This study addresses the automatic generation of a myocardial hemodynamic simulation domain from coronary arterial tree graphs and establishes perfusion mapping between arterial branches and left ventricular (LV) subregions. We propose an anatomy-driven data processing pipeline: first, reconstructing a 3D myocardial computational domain from the coronary graph structure; second, partitioning the LV myocardium according to the American Heart Association (AHA) 17-segment model and establishing topological correspondences between coronary branches and myocardial segments; and third, enabling coarse-grained, quantitative prediction of artery-to-myocardium perfusion assignments. To our knowledge, this is the first method to fully automate the conversion of coronary topological graphs into anatomically consistent, simulation-ready myocardial domains. Validation on porcine left coronary artery tree data successfully identified dominant perfusion territories for individual branches. The framework provides a scalable, anatomy-preserving post-processing solution for large-scale coronary–myocardium coupled modeling.
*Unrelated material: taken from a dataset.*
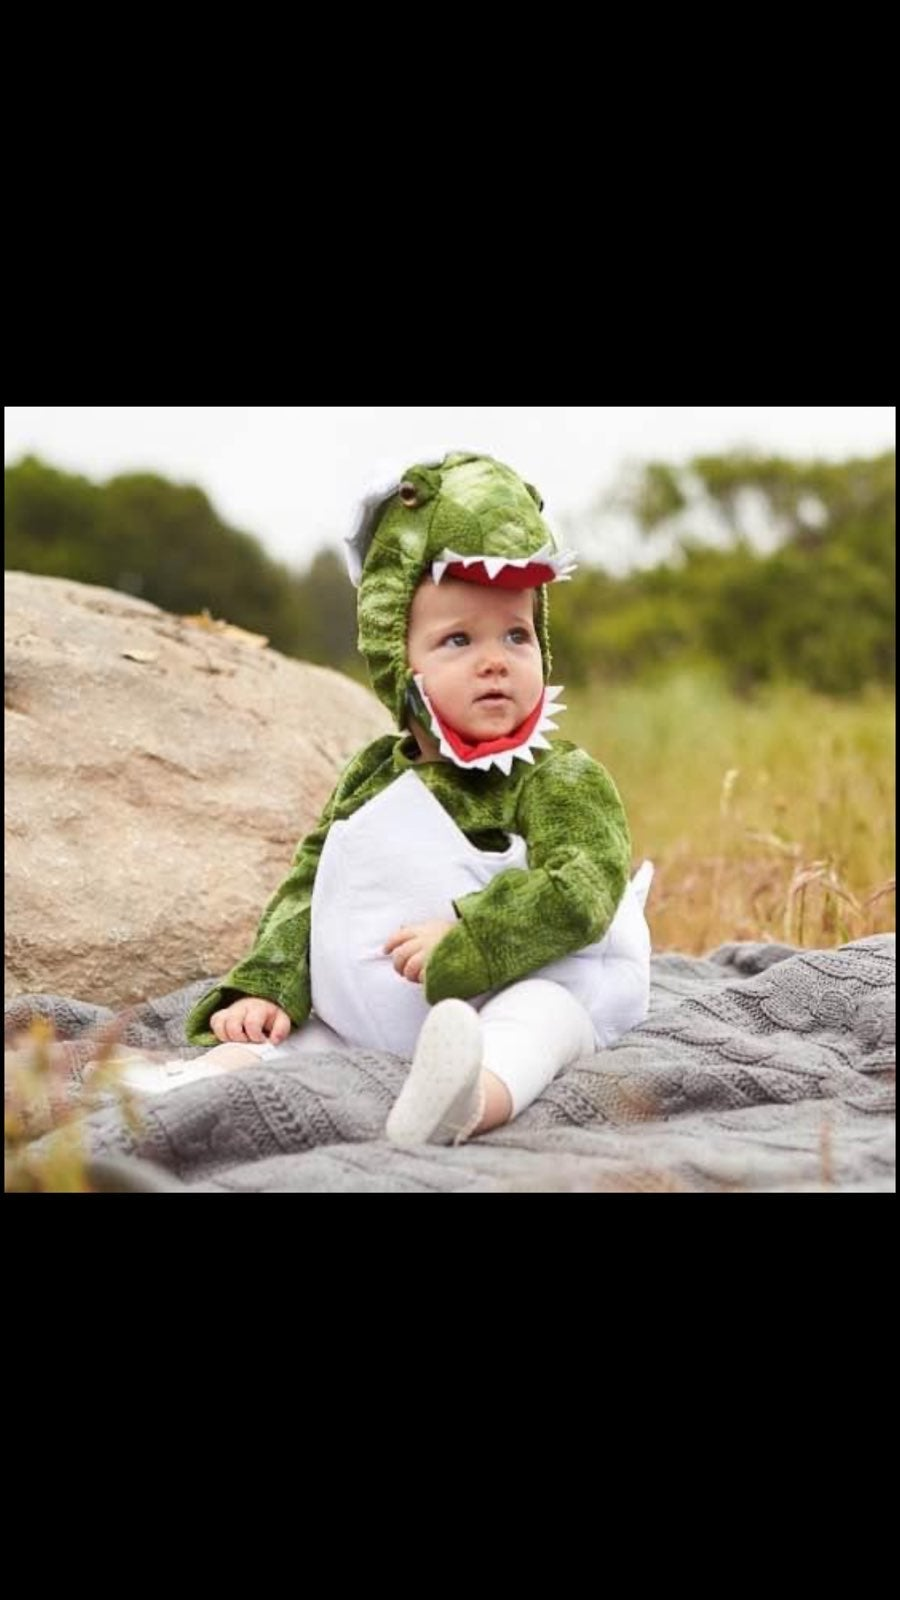 Potter Barn baby dinosaur costume 12-18

Numerical simulations of real-world phenomena require a computational scheme and a computational domain. In the context of haemodynamics, the computational domain is the blood vessel network through which blood flows. Such networks contain millions of vessels that are joined in series and in parallel. It is computationally unfeasible to explicitly simulate blood flow throughout the network. From a single porcine left coronary arterial tree, we develop a data pipeline to obtain computational domains for haemodynamic simulations in the myocardium from a graph representing a partial coronary arterial tree. In addition, we develop a method to ascertain which subregions of the left-ventricular wall are more likely to be perfused via a given artery, using a comparison with the American Heart Association division of the left ventricle for validation.